One of the things I’ve really struggled with since Ella has been born is leaving her with other people, firstly there’s only a handful of people I would trust to look after my baby (which is sure is perfectly normal. But even when I’ve been really stressed and known I’ve needed some time I’ve stopped myself from having it, especially in the early days. Breastfeeding didn’t always help as it did resist how long I could go places but thinking back I should have expressed more and taken the opportunities for a break that people where trying to give me.
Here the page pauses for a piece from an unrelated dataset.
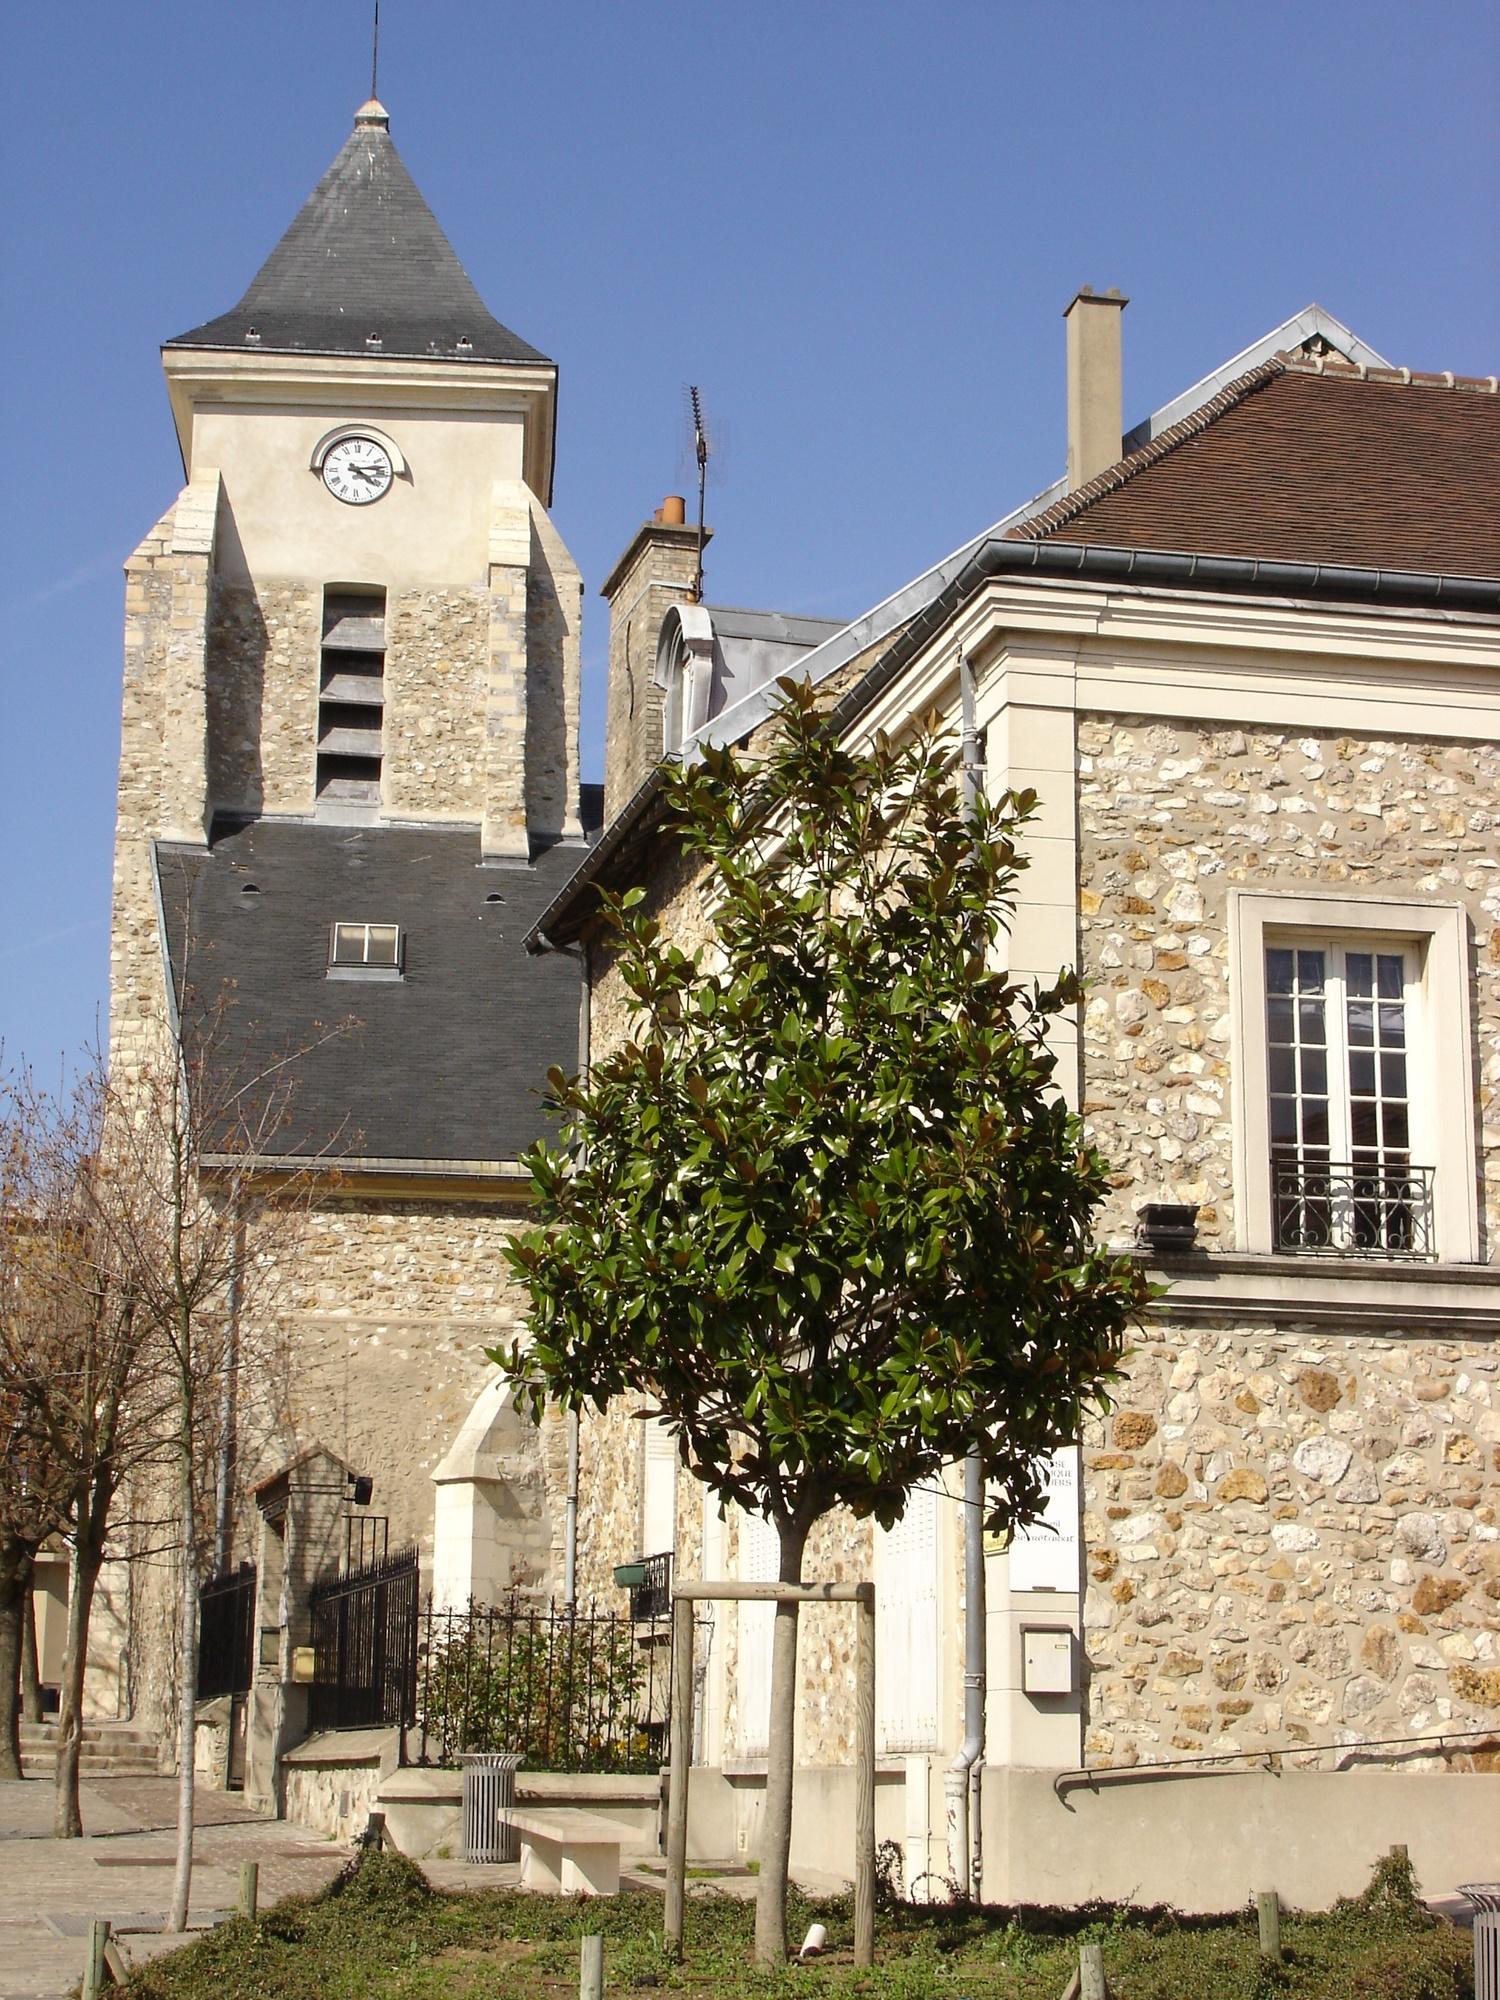 EGLISE SAINT-JACQUES SAINT-CHRISTOPHE À VILLIERS-SUR-MARNE

Not many people know this but even now when I leave her I try and talk myself out of it, I make excuses and get very very anxious. which is strange because I leave her at nursery and although I miss her so much I don’t get half as anxious.
But you no what remember that the first time I left her and I felt so refreshed and much happier all ready to be super mum again. Being a parent is stressful and nobody can say any different, being a parent definitely puts you through the motions of emotion. It has taught me that it doesn’t make you a bad mum because you want to have a long shower or a hot cup of tea just once in a while so if anyone is offering to help grab that opportunity with both hands and run with it. This is what even now I have to prepare myself with otherwise I get all worked up.
Mum guilt is real people and it comes in many different thoughts, feelings and scenarios.
I know this post has been a bit of a ramble but I don’t know how I properly feel myself, I just needed a bit of an outlet. I also wanted to get it out their to new mums, or mums with toddlers, who feel a little overwhelmed or stressed that it is normal, everyone goes through this just some hide it better than others.